Monday, February 15, 2016

Choose Your Objective Before You SWOT

Most people are familiar with the handy strategic tool called the SWOT analysis. SWOT as in Strengths, Weaknesses, Opportunities, and Threats, two internal and two external assessments that are often helpful to perform in a group context in order to fashion effective strategy.

One thing that's often missed, however, turning this helpful exercise into a colossal waste of time, is the need to pick an objective before conducting your SWOT. With an objective in mind--be that objective the mission of your association or the expected outcome of a program--a SWOT can help you figure out how to tackle it. Leverage strengths, minimize weaknesses, seize opportunities, and avoid threats. But without an objective in mind, the exercise does little more than generate a bunch of words.

Perhaps you've seen it happen? Or perhaps you've even participated in such a fruitless exercise? The facilitator says you're going to list all the strengths and weaknesses of the organization, and the all the opportunities and threats facing it, and you're off the the races--flipchart paper getting filled up and pasted on the walls, words upon words upon words.

Where, someone should ask, is the focus in all of this?

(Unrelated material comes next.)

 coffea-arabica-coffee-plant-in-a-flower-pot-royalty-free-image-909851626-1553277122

Anyone who has done one of these unfocused SWOTs knows that the same items tend to show up as both strengths and as weaknesses, as both opportunities and threats. When you have a growing membership, but they don't participate as much as they should, it's hard to know if your membership is a strength or a weakness. When your members's businesses are increasingly profitable, but they starting to buy each other, it's hard to know if the business climate of your industry is an opportunity or a threat. Decisions are usually made by the loudest voices in the room, or worse, items wind up in more than one place on the matrix.

Many of these troubles go away when you place the SWOT in the context of a specific objective, With an end goal in mind, hopefully written in big, bold letters at the top of every piece of flipchart paper, the conversation gets a lot more focused.

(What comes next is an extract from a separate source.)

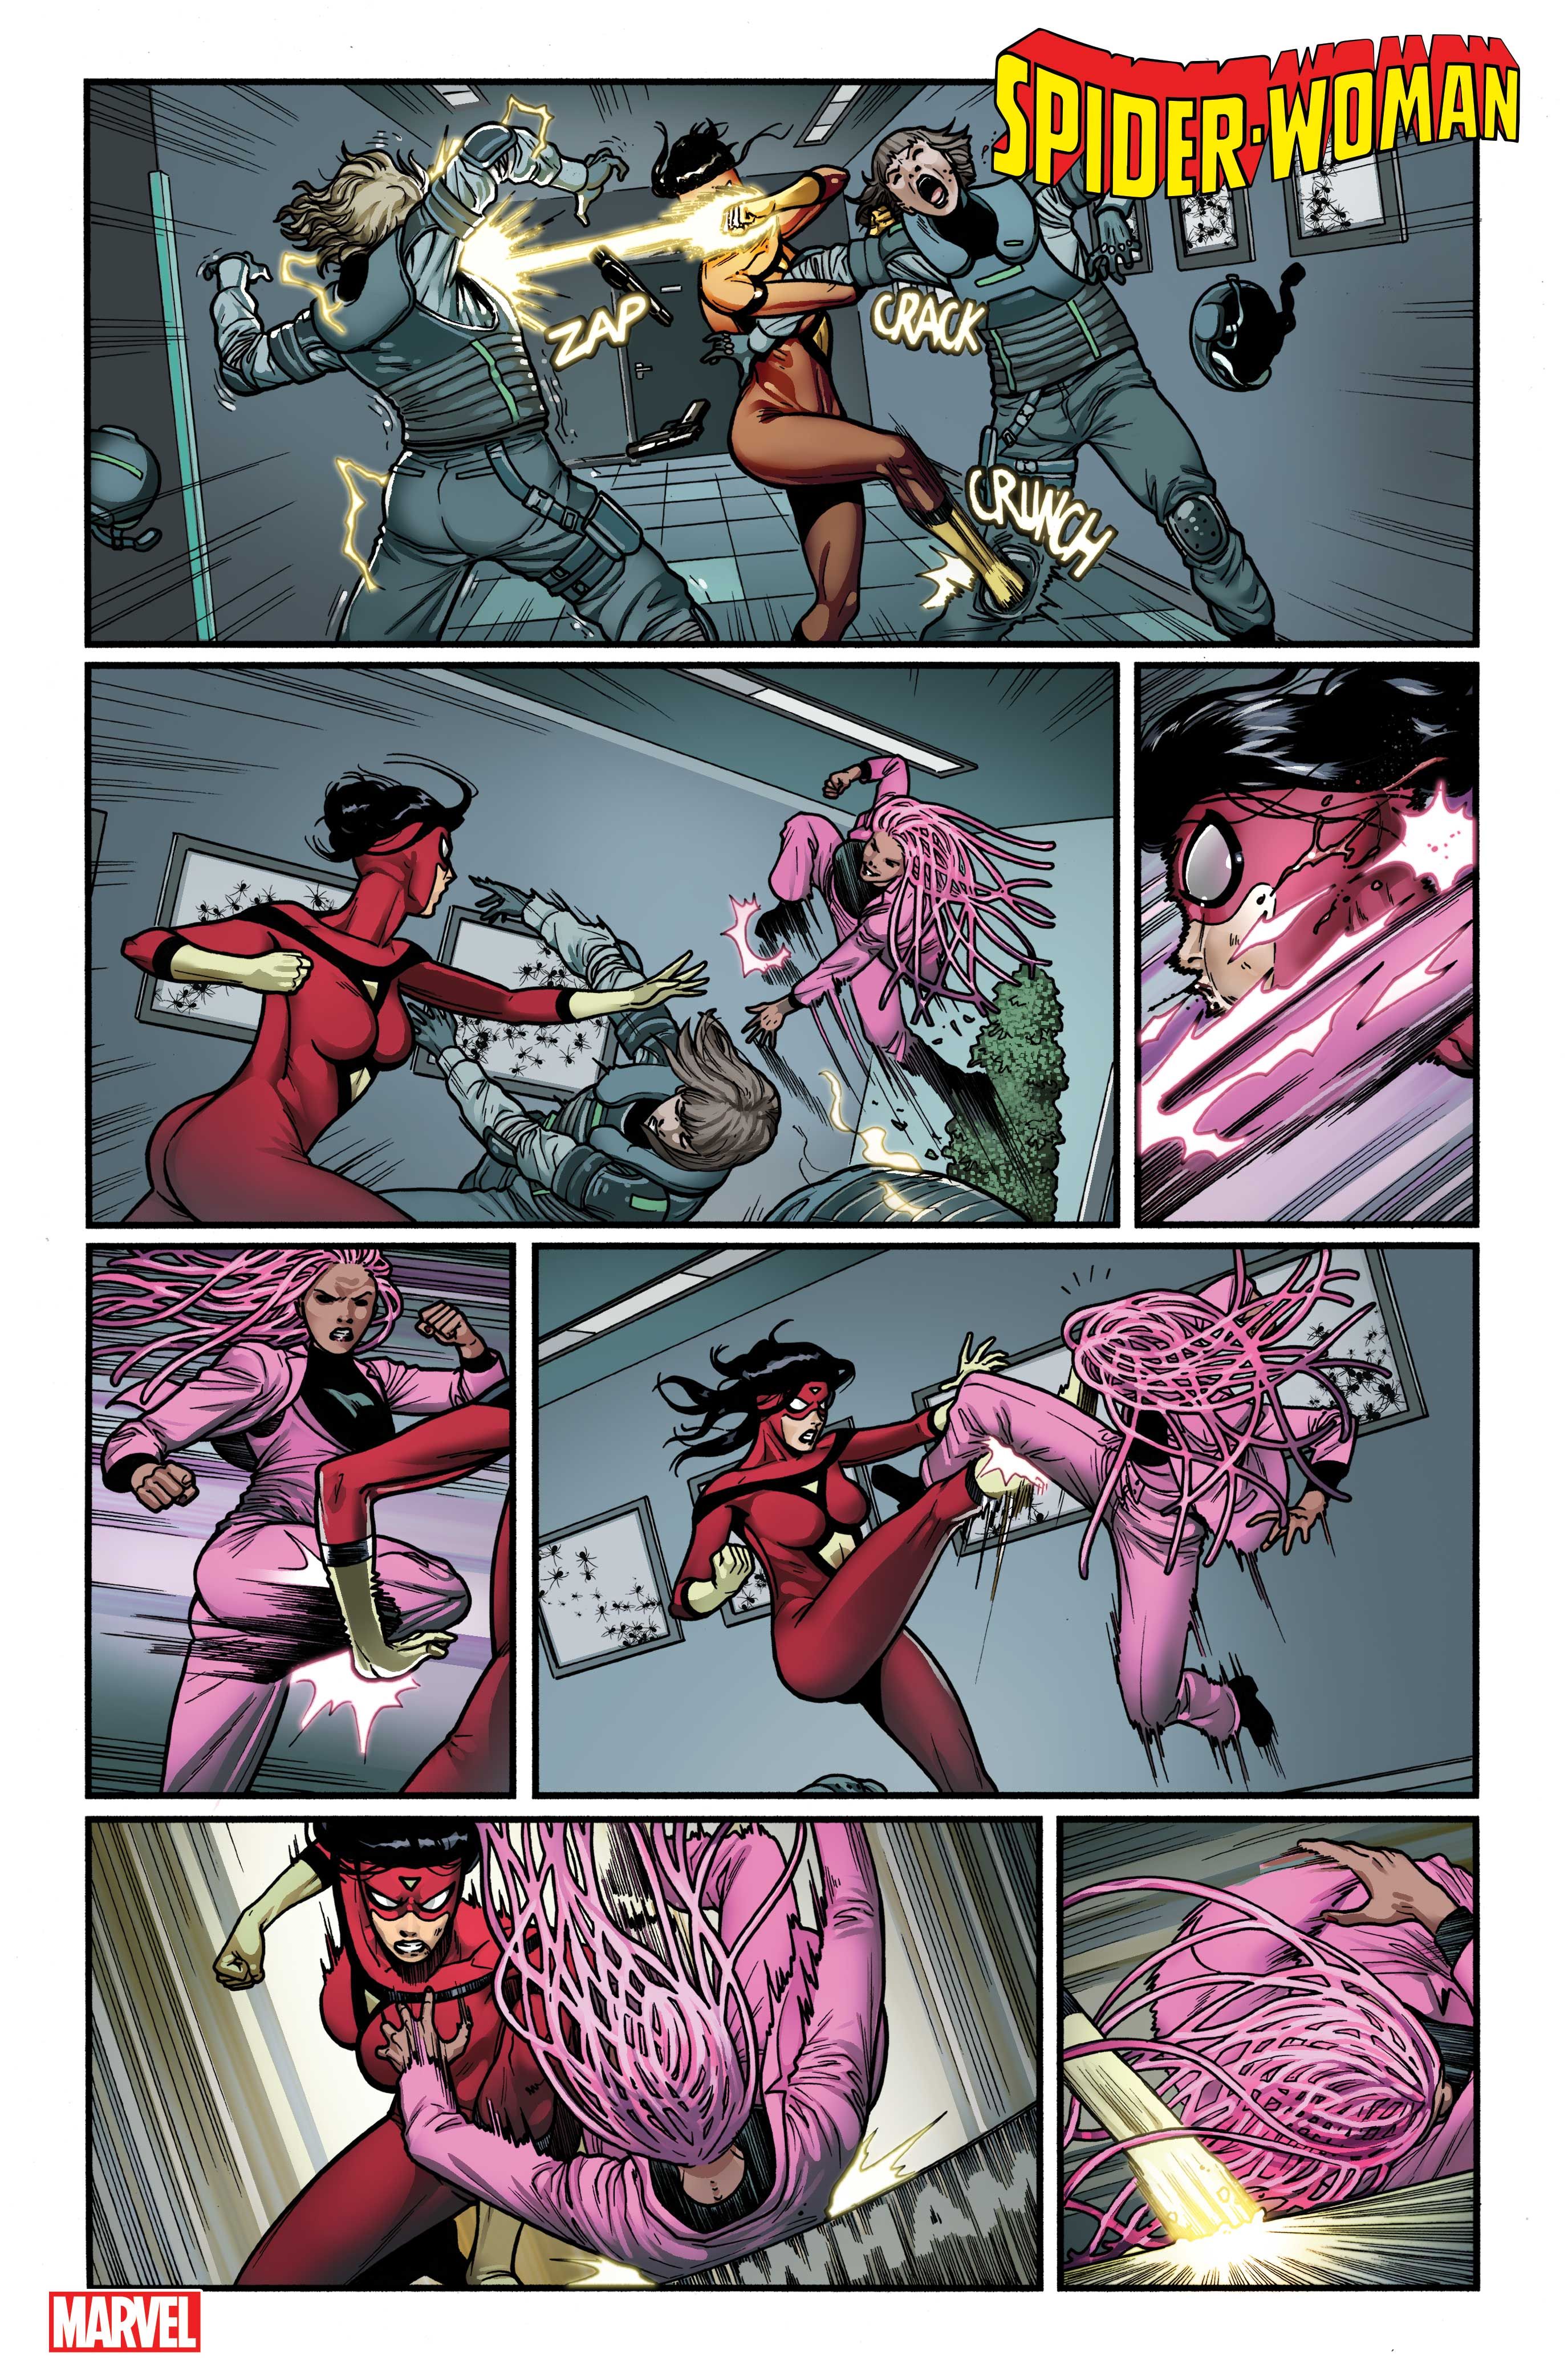 Marvel preview art for Spider-Woman #14

Our objective is to defeat a piece of pending legislation that will be harmful to our industry. What organizational strengths can we bring to bear on that objective? What organizational weaknesses will hamper our effectiveness? What opportunities in the marketplace can we capitalize on? What external threats are likely to work against us?

Answering these kind of questions will be a lot more helpful. They can turn your SWOT from a simple team-building exercise to an essential part of your strategy and execution function.

And, please, as a parting word, if there is anyone out there still calling it a SWAT analysis, just put the association down and walk away.